Monday, March 24, 2008

On Creativity...

I have never really thought of myself as an Artist, or a Writer, or an Artisan though I have spent my entire life creating, writing (for myself, always) and making. Thinking and feeling the end products of my making. Is this what an artist is? I still don't know. Though I do know that there are people of my acquaintance who think, act, communicate and make less creatively than I do who call themselves 'creatives' or artists.

Perhaps this is a reflection of my own insecurities. I am never truly satisfied with the things I make. I always know where I could have done better, where my 'allah marks' are (the imperfections in the finished item - as only allah is perfect - imperfections that nobody else notices but which I know exist), the corners I can and have cut, that the leg-seam should have been pressed over 5 cm further down/up or that there is a crack in the paint where I didn't let the first coat dry long enough. The list goes on. Maybe all artists feel this way, I don't know.

All I know is that I am only ever truly at peace when I am making. Cooking, sewing, knitting, gardening, painting, gluing, whatever. And I am slowly coming around to the idea that this makes me 'creative'. That there is some primal urge within me to make 'somethings' from 'nothings'. Not for other people to admire but for my own sanity.

Perhaps this is the true measure of creativity. Not whether someone calls themselves creative but the carry through, the action that actually creates. By this measure I am creative.

It is time to call myself so.

I have slowly budding ideas, in time I shall flesh them out and in the meanwhile I will keep making.
posted by elaine, 2:00 pm

4 Comments:

I find that calling yourself an artist (within the limited number of opportunities one has occasion to do so) may feel pretentious at first. Then you get used to it. Then you realise people think artists are scum so there's not much point feeling daunted by the title. And yes, there's a lot of people out there who are way less creative than you calling themselves artists. The bad apples! Spoiling it for the rest of the class!

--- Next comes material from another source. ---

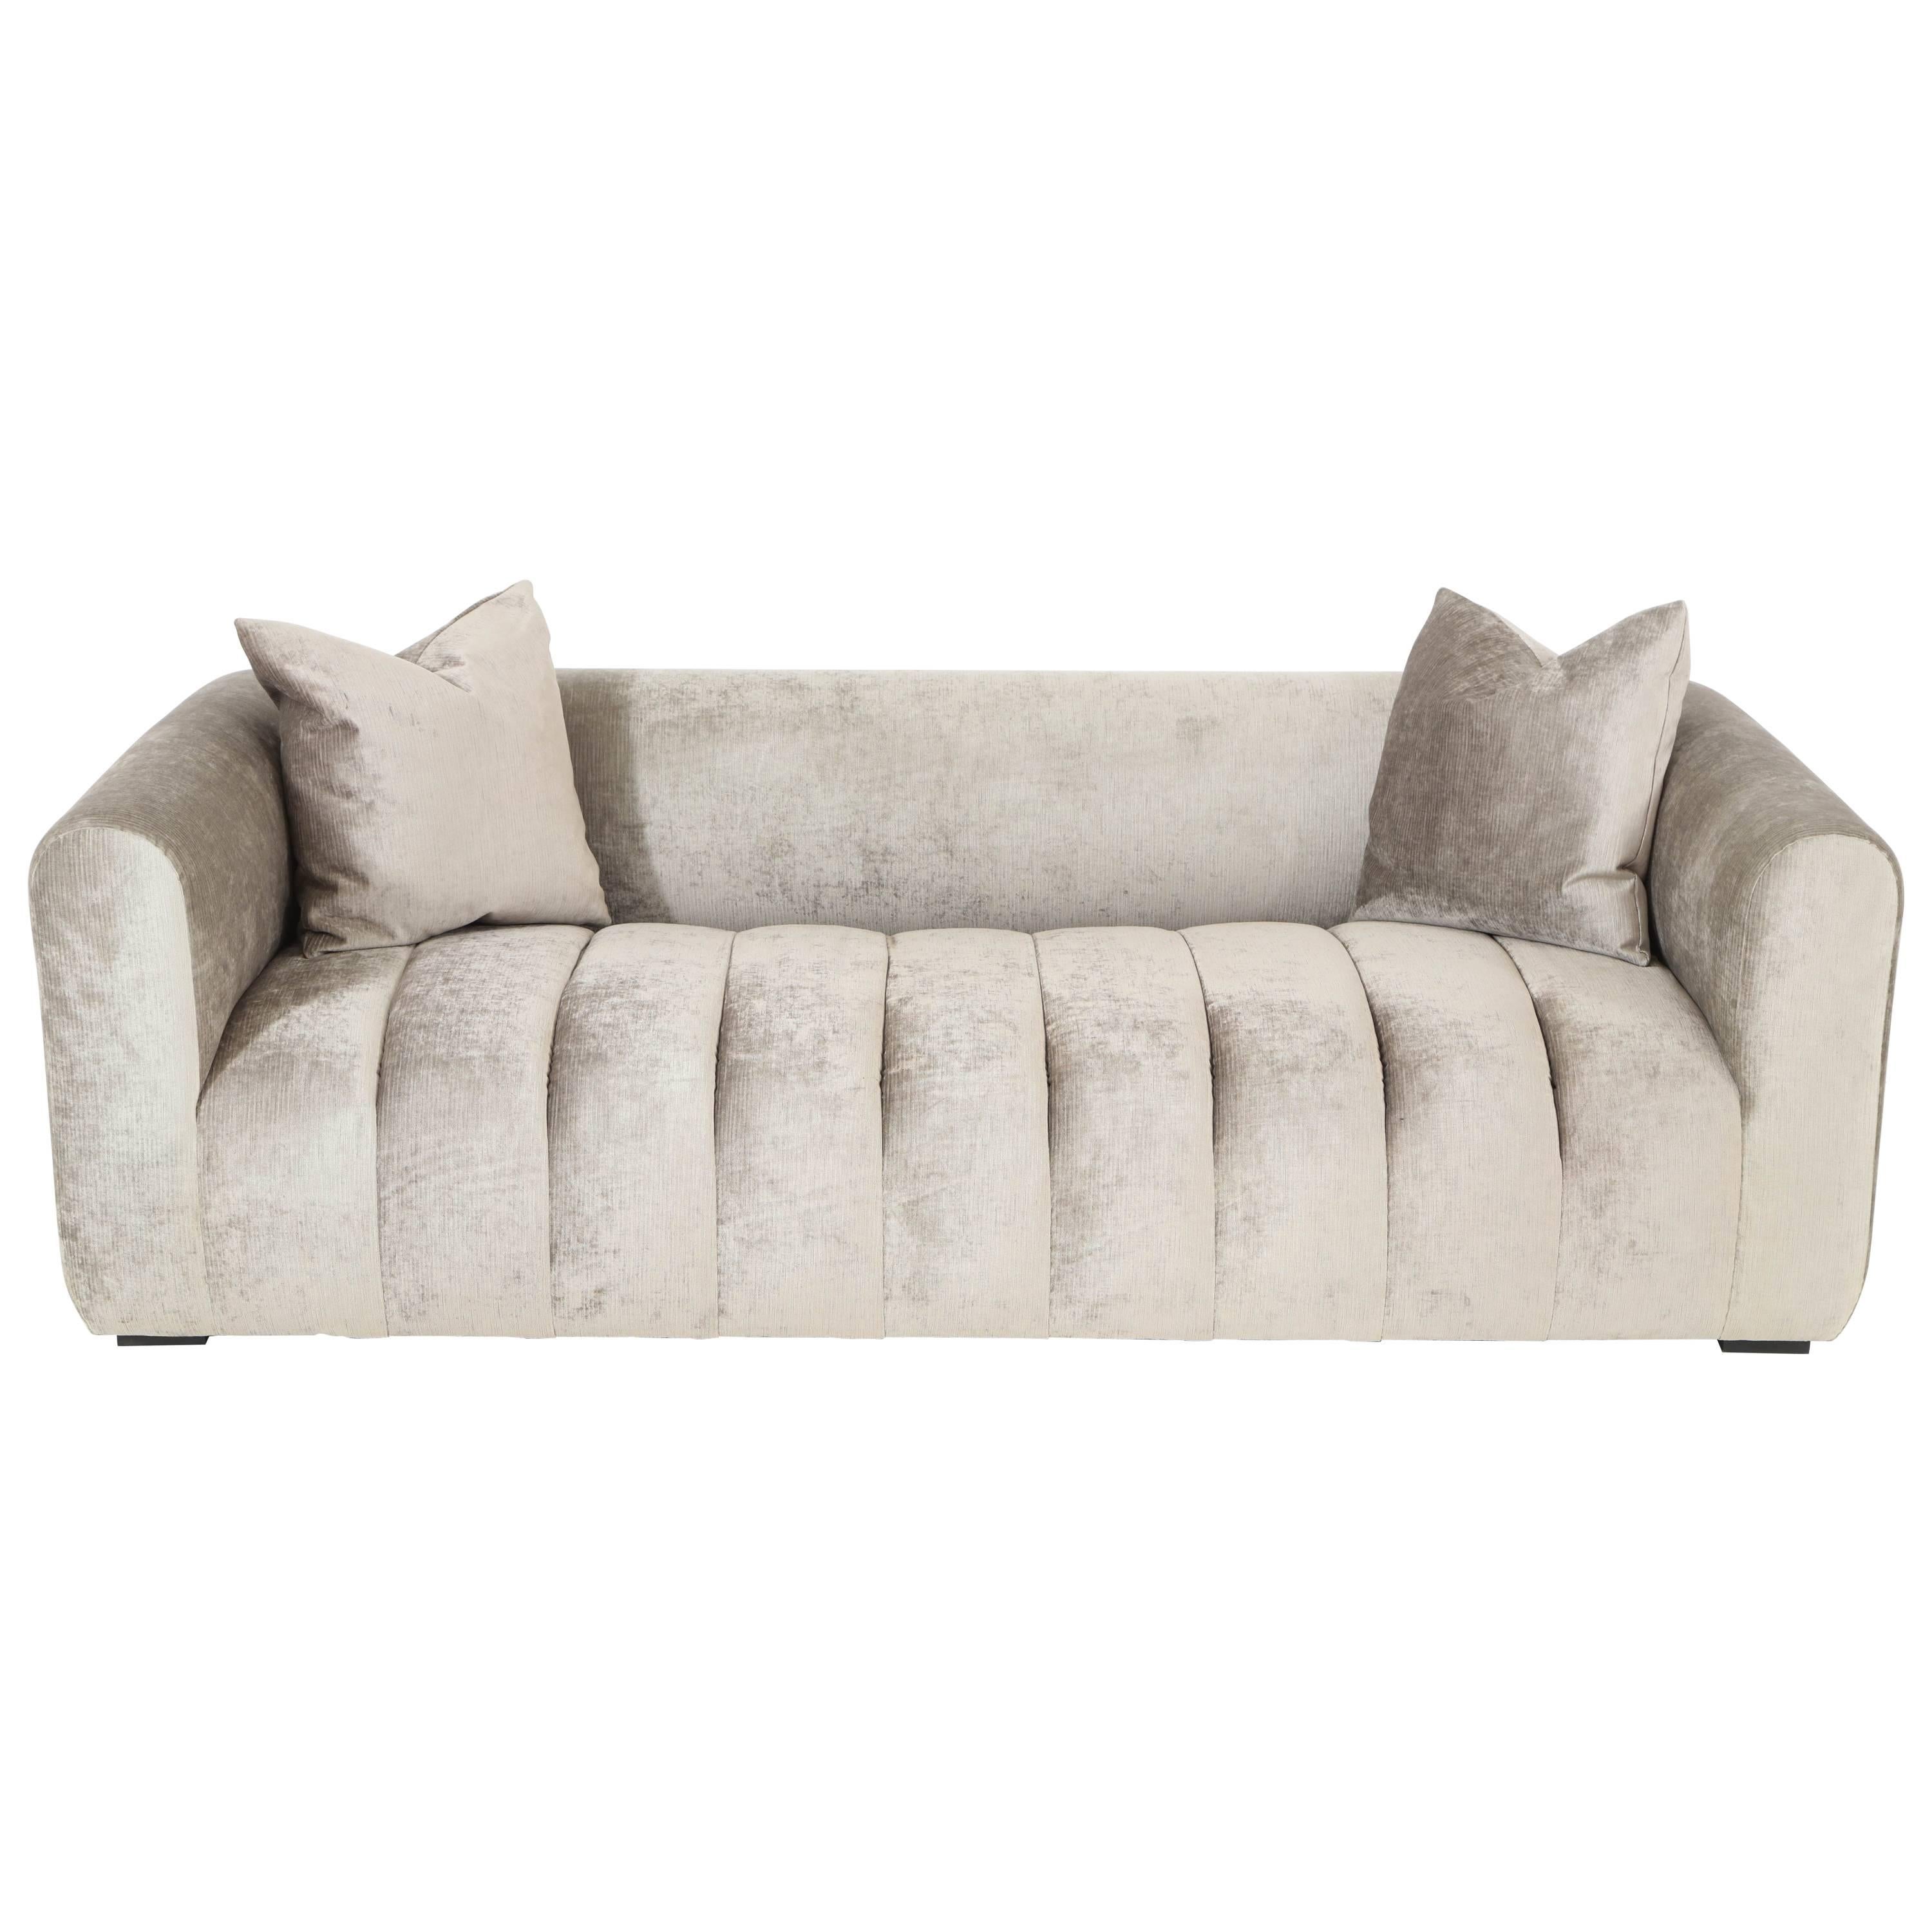 Stunning Channel Sofa by Steve Chase offered by Prime Gallery
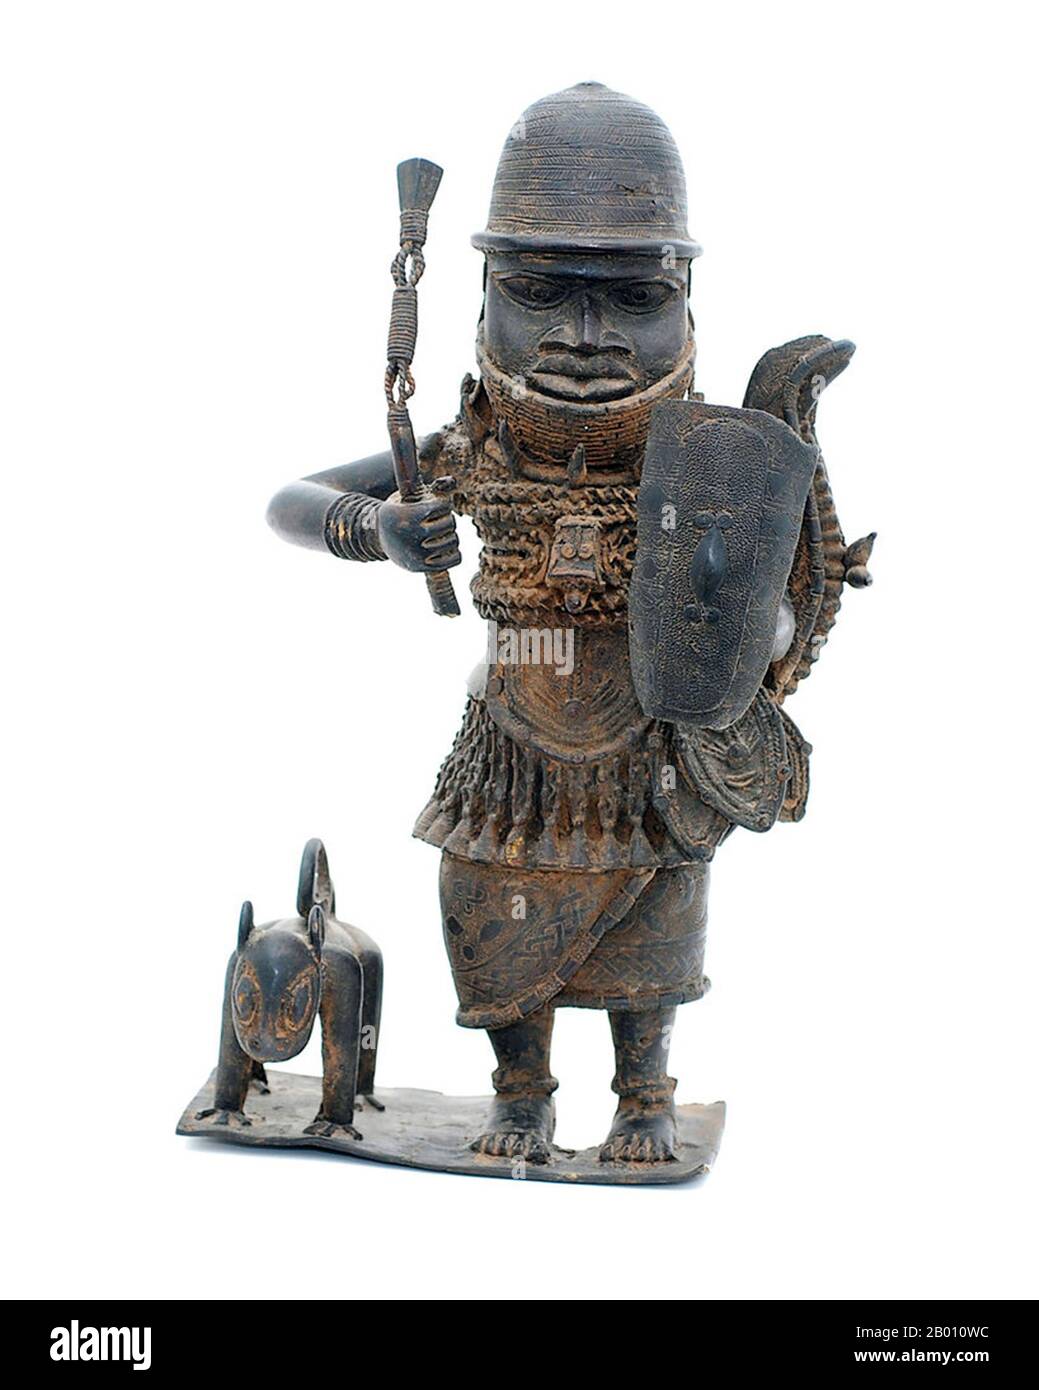 Nigeria: Bronze figurine of an Edo warrior with hunting leopard, from the court of the Benin Kingdom, 16th century.  The Benin Empire (1440–1897) was a pre-colonial African state in what is now modern Nigeria. It is not to be confused with the modern-day country called Benin (and formerly called Dahomey). Stock Photo

It's also never really be clear to me how to distinguish a craftsperson from an artist. I usually go back to my calligraphers and poets analogy. It pays to be a little of both.
commented by Blogger Fluffy, March 25, 2008 5:08 pm  
I think I like Artisan. It conveys a bit of both.

Did you know that way back when, the 'when' being when there were guilds and so forth, that the knitters guild was one of the most prestigious? And to earn the title of Master Knitter that you had to knit a pair of silk stockings for a nobleman using wire as the needles.
commented by Blogger elaine, March 25, 2008 8:53 pm  
Shit! I'd be swearing a bit. And the nobleman's legs might have to be the shape I happened to make the stockings rather than the other way around. Cakes is currently happy as a clam knitting a beanie and I'm doing gloves (sawn off mittens really) so if a crafternoon is in order I'm happy to host.

x
commented by Blogger Fluffy, March 26, 2008 11:05 pm  
Where do I order a scarf? I cant find the paypal link for merchadise.

As a writer I find it rather silly when somebody calls themself an artist and doesn't say what kind. Sometimes it makes sense if one sculpts and does performance art and oil painting but often it means that they don't have one focus.